Re: [PATCH 3/5] blktrace: refcount the request_queue during ioctl
From: Bart Van Assche
Date: Wed Apr 15 2020 - 10:45:55 EST
On 2020-04-14 23:16, Luis Chamberlain wrote:
> On Tue, Apr 14, 2020 at 08:40:44AM -0700, Christoph Hellwig wrote:
>> Hmm, where exactly does the race come in so that it can only happen
>> after where you take the reference, but not before it?
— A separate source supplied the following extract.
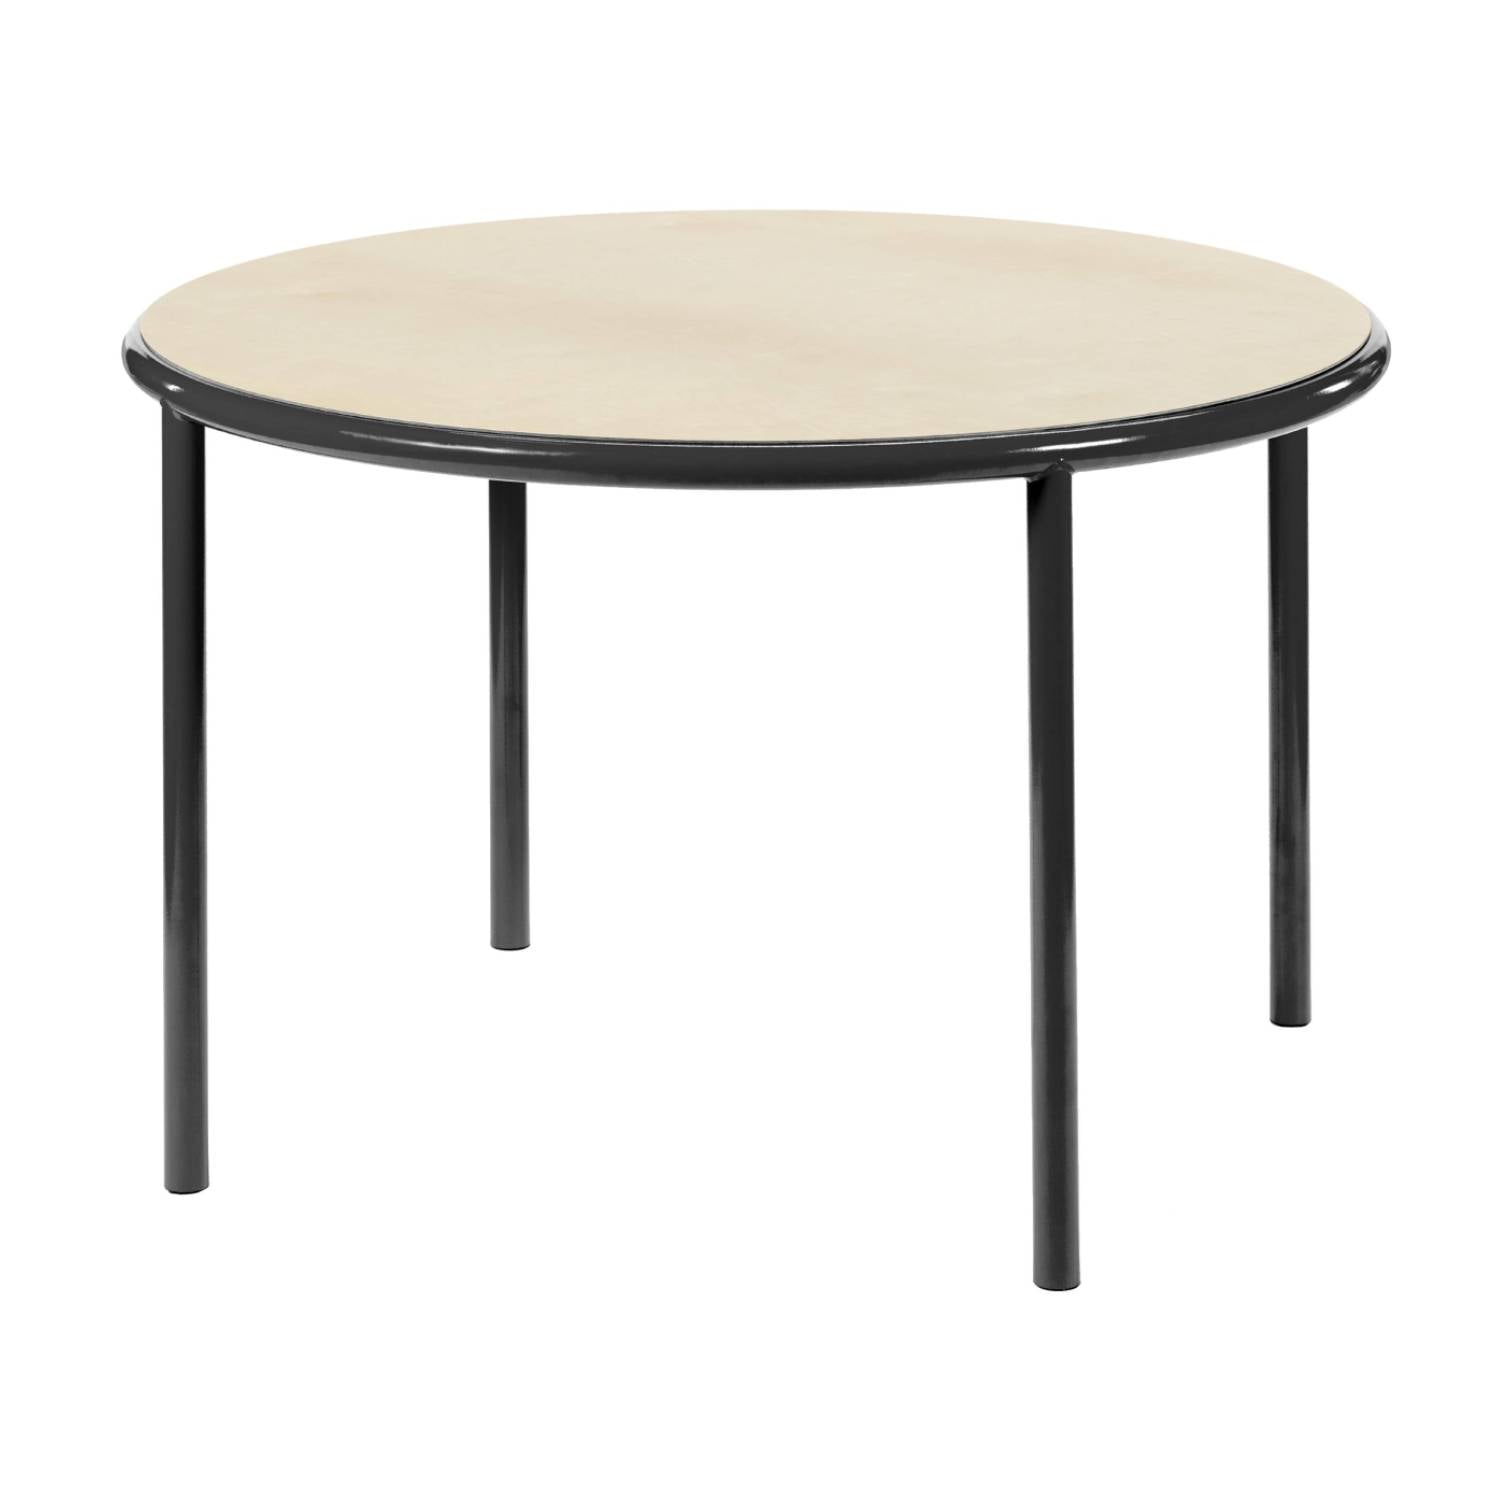 Wooden Table Round: Large - 59.1

I'm probably
>> missing something, but that just means it needs to be explained a little
>> better :)
>
>>From the trace on patch 2/5:
>
> BLKTRACE_SETUP(loop0) #2
> [ 13.933961] == blk_trace_ioctl(2, BLKTRACESETUP) start
> [ 13.936758] === do_blk_trace_setup(2) start
> [ 13.938944] === do_blk_trace_setup(2) creating directory
> [ 13.941029] === do_blk_trace_setup(2) using what debugfs_lookup() gave
>
> ---> From LOOP_CTL_DEL(loop0) #2
> [ 13.971046] === blk_trace_cleanup(7) end
> [ 13.973175] == __blk_trace_remove(7) end
> [ 13.975352] == blk_trace_shutdown(7) end
> [ 13.977415] = __blk_release_queue(7) calling blk_mq_debugfs_unregister()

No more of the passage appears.